Per a standard formula of 110 people living on each acre of land, Islamabad’s population could rise to 12 million once all four zones are fully developed.

Supply issues hindering development

The water supply situation is such that officials now believe it is among the main obstacles to expanding residential sectors in the capital.

“The scarcity of water, especially that of potable water, remains one of the major issues and obstacles for opening new sectors in Islamabad,” an official at Islamabad Metropolitan Corporation’s (IMC) water directorate told The Express Tribune.

The issue of water in the capital, though, seems to be cyclical.

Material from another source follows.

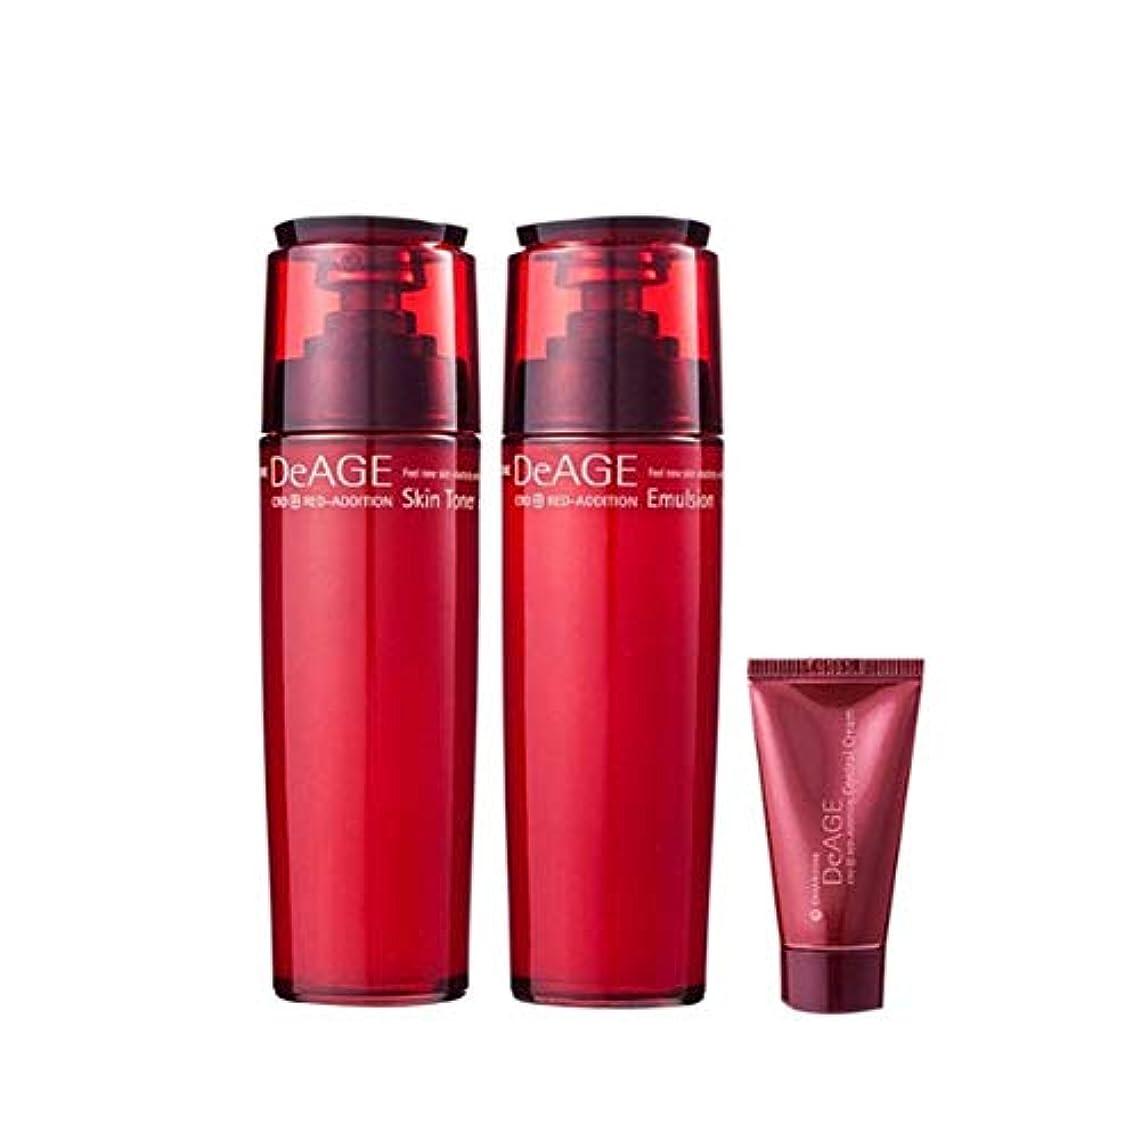 威信考慮十分チャムジョンディエイジレッドエディションセット(スキントナー130ml、エマルジョン130ml、コントロールクリーム15ml)、Charmzone DeAGE Red Addition Set(Skin Toner 130ml、Emulsion 130ml、Control Cream 15ml) [並行輸入品]

While the city’s administration has been struggling to meet existing demand for water, at the same time the population of the capital has been increasing at a rate of over five per cent per year to 1.75 million today – hence increasing the demand for water every year.

This increased population and thus demand adds to the water supply burden of the capital and hence adding to delays in opening new residential sectors to house the grown population.

“Water sources in the capital city have not been developed since 1980, except for the Kanpur Dam which was developed in 2004 and only partly shares the burden of water supply to the urban areas of Islamabad,” the official said.

Solution

To cater the growing shortfall in supplying potable water to an ever-expanding population, the federal cabinet had as far back as 2004 had decided to implement a long-term strategy whereby future water requirements would be met by developing additional water sources.

The focus was thus set on two major water sources – the Indus River from Tarbela Dam and the Jhelum River from Mangla Dam.

The CDA tasked MM Pakistan and Mott McDonald (UK) in 2005 to devise case studies.

“Tarbela lake was found to be the optimal choice to meet the current demand of 200 mgd in addition to meeting any future requirements of the twin cities,” CDA Spokesman Mazhar Hussain said.

“The Council of Common Interests in June 2011 approved water allocation of 400 cusecs for phase-I,” he said, adding that the study suggested that around $1.2 billion would be required for implementing the project.”

Published in The Express Tribune, May 6th, 2017.